Callanish is described as an impact crater structure with a multi-ring morphology. However, it differs from “classical” craters in that it possesses disrupted terrain in annular zones and a flat interior, rather than a sharp crater bowl. The structure of Callanish's morphology is anomalous compared to typical solid-water ice craters like Pwyll, implying the presence of weak or mobile material beneath the crater floor of Callanish. For a time, scientists debated whether or not Callanish was an impact crater.

Morphologically, Callanish can be divided into two primary zones along with several associated features. The inner zone, approximately 50 km in diameter, has a rugged-textured surface (the rough inner unit on maps). Near the center lies a 10–15 km feature of slightly higher albedo, composed of radially arranged lobes surrounding a central depressed annulus (the bright central lobate unit on maps). Across the boundary between the two zones are elongate, concentric massifs.

The zone surrounding the central rough area (the smoother outer flow unit on maps) consists of small, finely textured, equidimensional hills, except where disrupted by subsequent tectonic activity. The outer zone is distinctly darker and redder than the inner zone. Its material appears to pond in low areas and was likely emplaced in a fluidized state, possibly as a slurry. This zone is intersected by several large, concentric troughs (800 m wide), smaller troughs, and numerous fractures. Simple troughs merge into a complex, multiple-terrace trough up to ~4 km km wide along the southeast periphery of Callanish. The troughs are interpreted as tectonic features, possibly graben. Crosscutting relationships indicate that most deposits predate the formation of these tectonic structures, although some of the outer zone material may have remained mobile after trough formation, suggesting the troughs formed shortly after the impact rather than during it.
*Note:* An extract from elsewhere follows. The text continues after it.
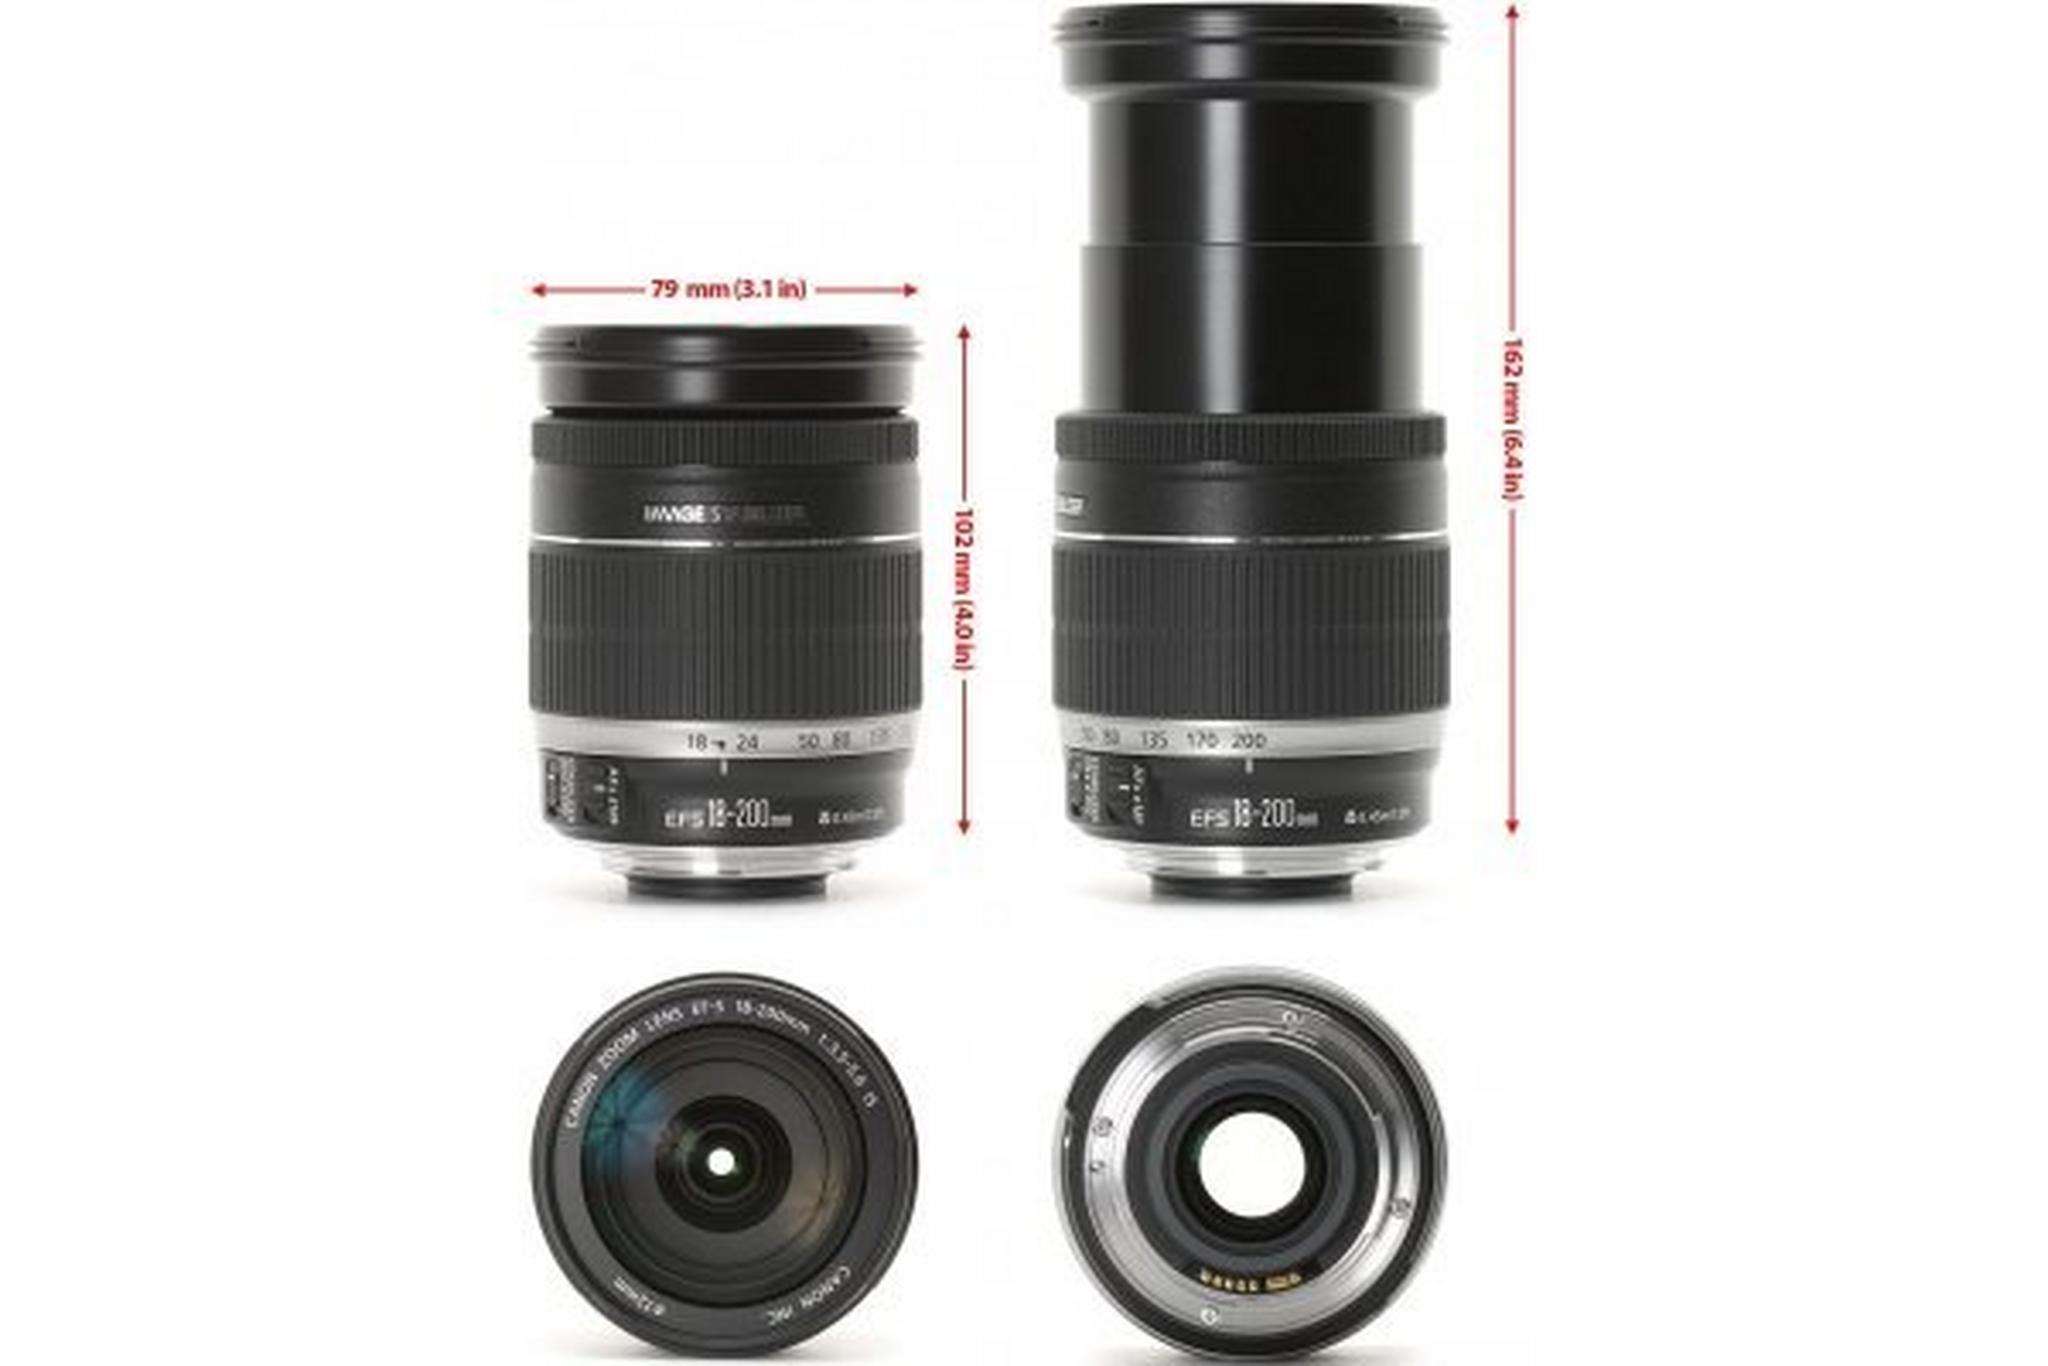 Canon EF-S 18-200mm F/3.5-5.6 IS Lens

Just outside Callanish to the southwest lie two undulating depressions approximately 10 km across. Two prominent ridges intersect the structure, one from the west-northwest and the other from the east-southeast. Both are modified in the outer zone and terminate at the inner boundary, indicating they either predate Callanish or were influenced by its formation. Numerous small pits, often with raised rims, surround Callanish; some form radially oriented chains, interpreted as secondary impact craters. The presence of these secondary craters confirms Callanish as an impact feature.

Photoclinometric topography, verified with shadow measurements, shows Callanish to be regionally flat. Low-sun imaging minimized photometric effects, allowing surface shape to strongly control shading. The photoclinometric method of Kirk (1987) was used, iterating between a shaded model and the actual scene until convergence. No present-day depression is associated with the feature. Maximum relief across high-spatial-frequency components is ~100 m, except for large concentric massifs, which reach ~200 m. Concentric troughs are ~100 m m deep, with surfaces ramping gradually several kilometers outside the troughs to reliefs exceeding 50 m m at the rims. These raised rims may complement the downwarping observed along the flanks of steep-sided ridges near Callanish and elsewhere on Europa.

== Formation ==
As mentioned, Callanish's unusual structure implies it formed over mechanically weak material. The weak substrate is interpreted as a fluid layer of warm water ice, ice slurries or possibly even liquid water. This suggests Europa's brittle ice shell was thin at the time, around 10 km to 15 km, allowing deformation during impact.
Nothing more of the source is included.